All authority conferred or agreed to be conferred by this Letter shall survive your death or incapacity and your obligations under this Letter shall be binding upon your heirs, personal representatives, executors, administrators, successors, assigns, trustees in bankruptcy and other legal representatives.

6. Description of Junior Notes. List the name and address of the DTC participant holding an interest in the Junior Notes being tendered exactly as shown in the DTC security position listing, or the registered holder of the Junior Notes being tendered exactly as they appear on the Junior Notes in Item 1. If the Junior Notes are not held in book-entry form, please provide the certificate number of the Junior Notes being tendered.
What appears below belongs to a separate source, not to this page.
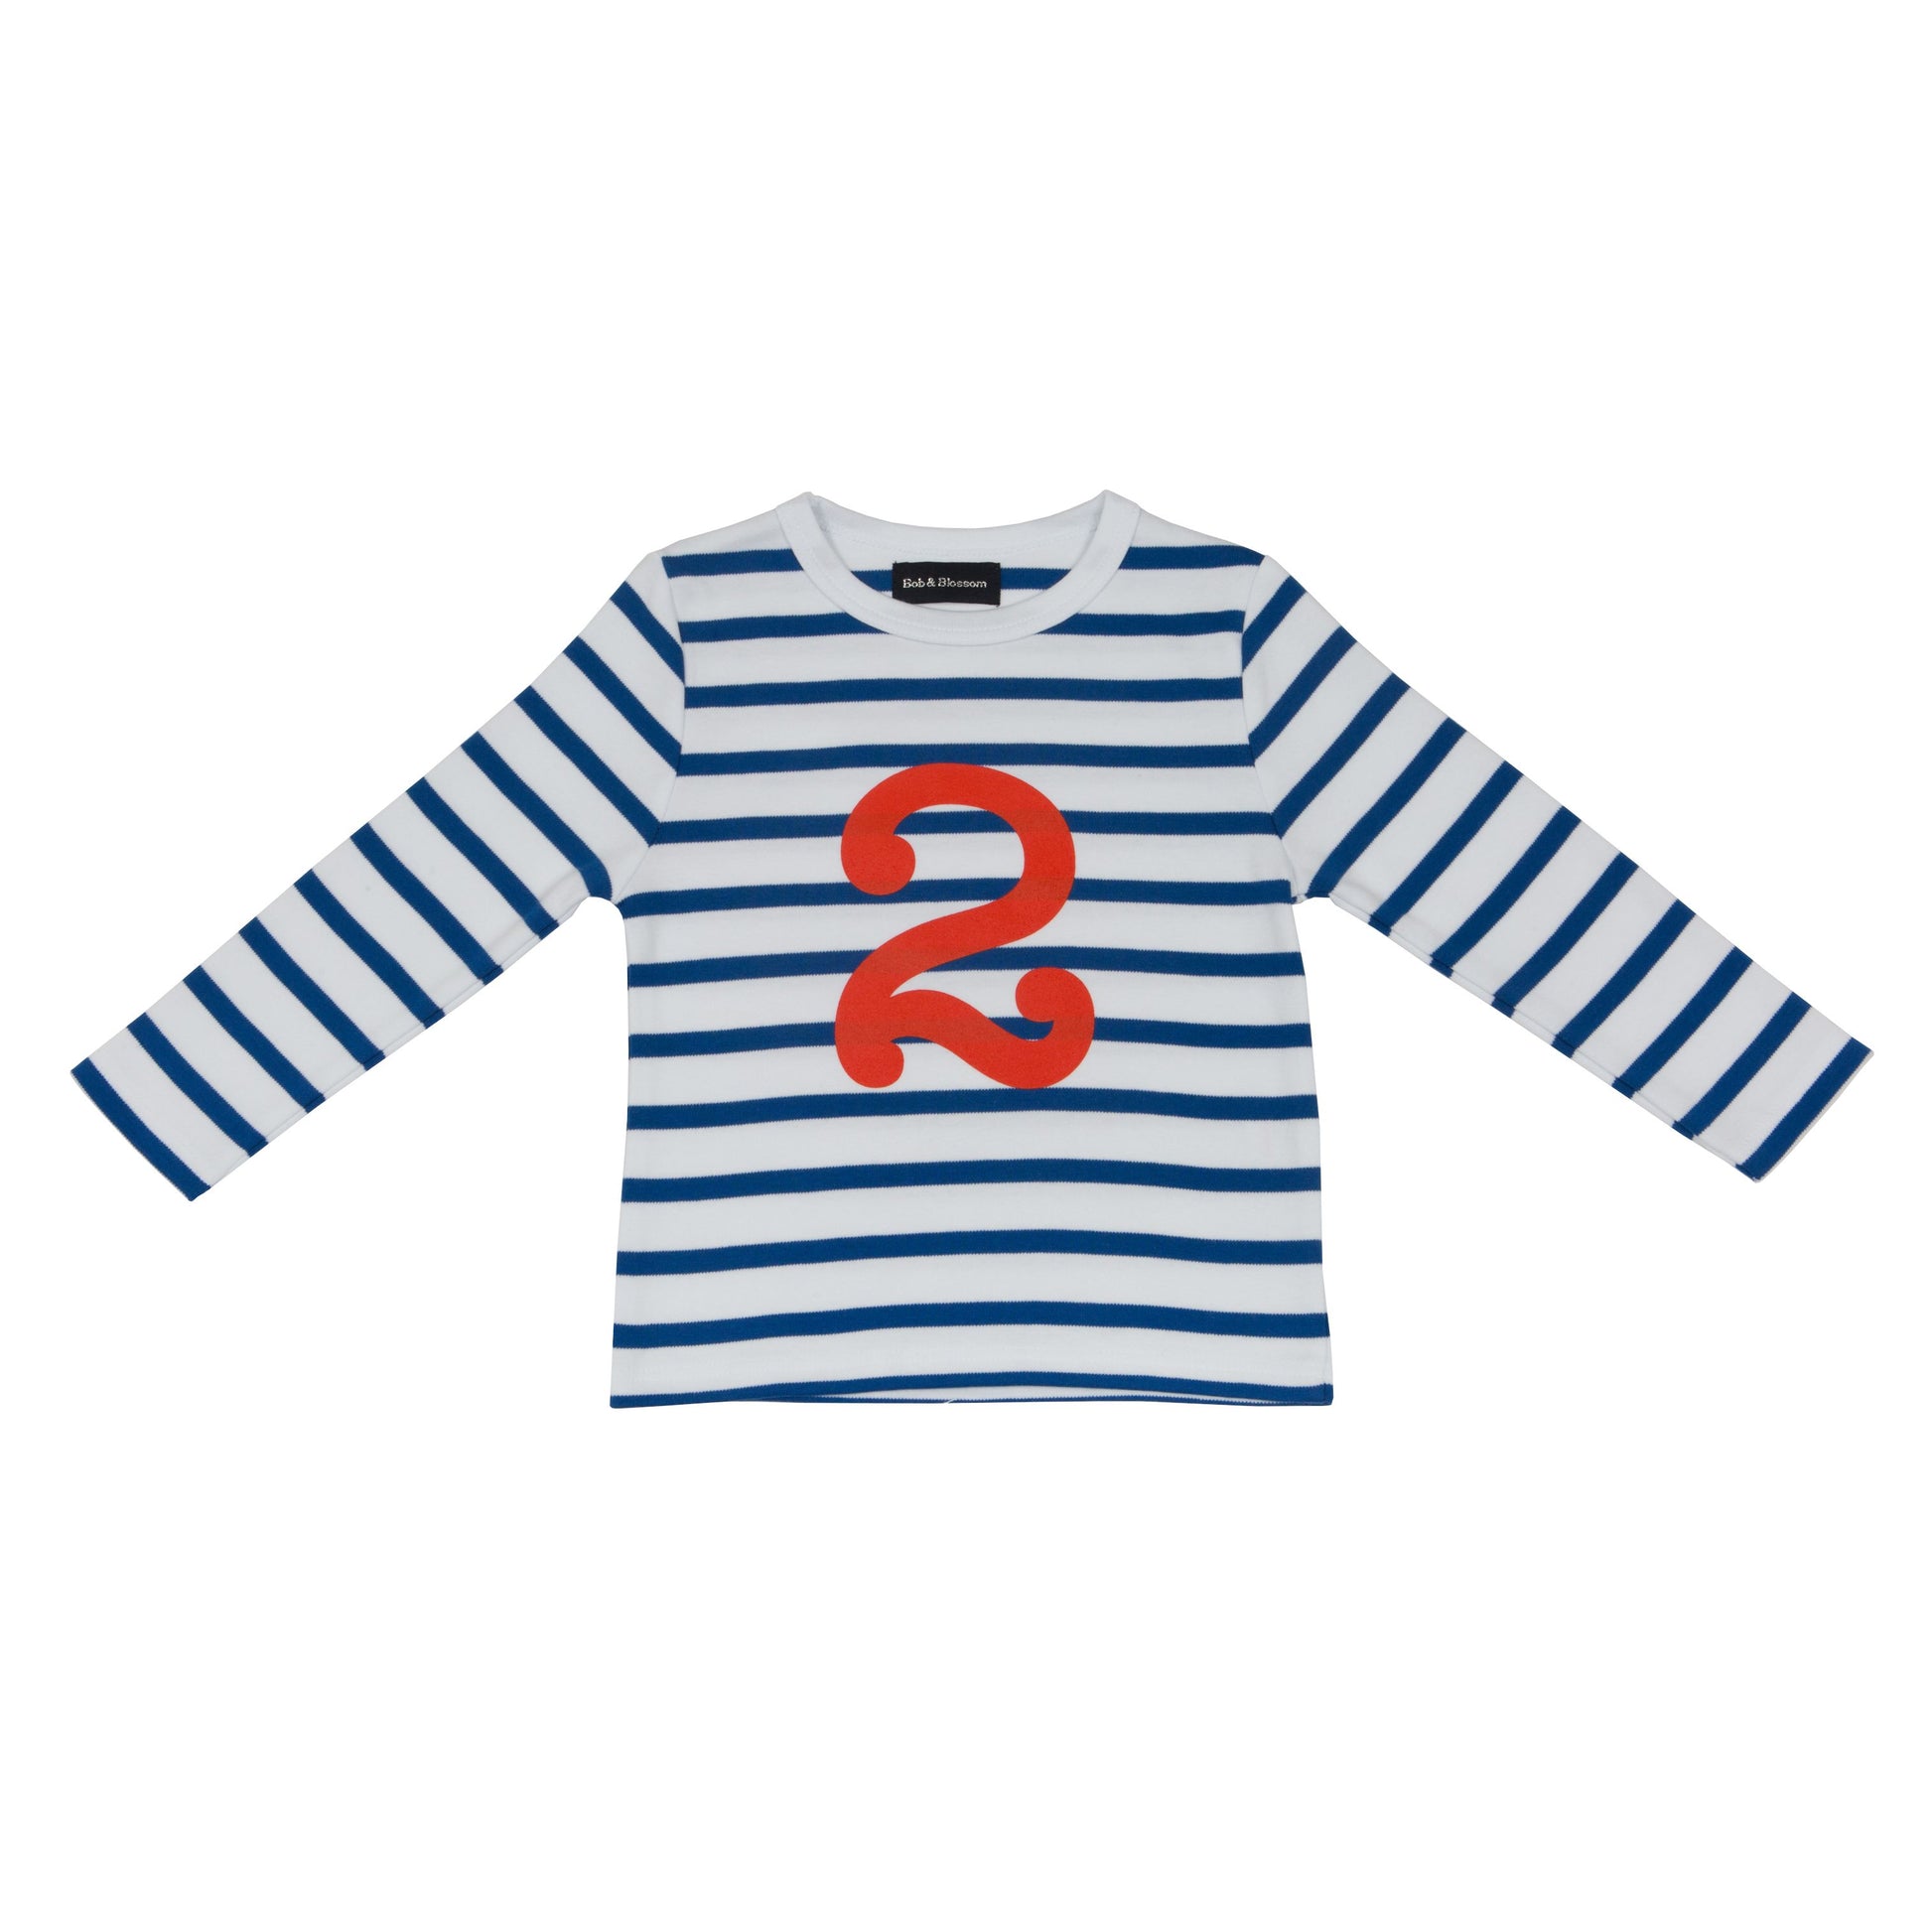 french blue and white striped t shirt with bright red number 2 on the front

In addition, please provide the aggregate principal amount of all Junior Notes represented by the certificates being tendered, or in the case of notes held in book-entry form, the amount credited to your account as a DTC participant. If you are not tendering all of the Junior Notes held by you, please indicate, in $1,000 increments, the principal amount being tendered. A reissued certificate representing the balance of nontendered Junior Notes will be sent to the tendering holder promptly after the Expiration Date. If you do not complete the column labeled “Principal

 

5


Amount Tendered” you will be deemed to have tendered the entire aggregate principal amount represented by the column labeled “Aggregate Principal Amount Represented by Certificates.” If the space provided in Item 1 is inadequate, list the certificate numbers and principal amount of Junior Notes being tendered on a separate signed schedule attached to this Letter. By executing this Letter, upon the terms and subject to the conditions of the Junior Note Exchange Offer, you hereby tender to the Company the Junior Notes described in Item 1. Subject to, and effective upon, the acceptance for exchange of the Junior Notes tendered hereby, you hereby sell, assign and transfer to, or upon the order of, the Company all right, title and interest in and to the Junior Notes that are being tendered hereby.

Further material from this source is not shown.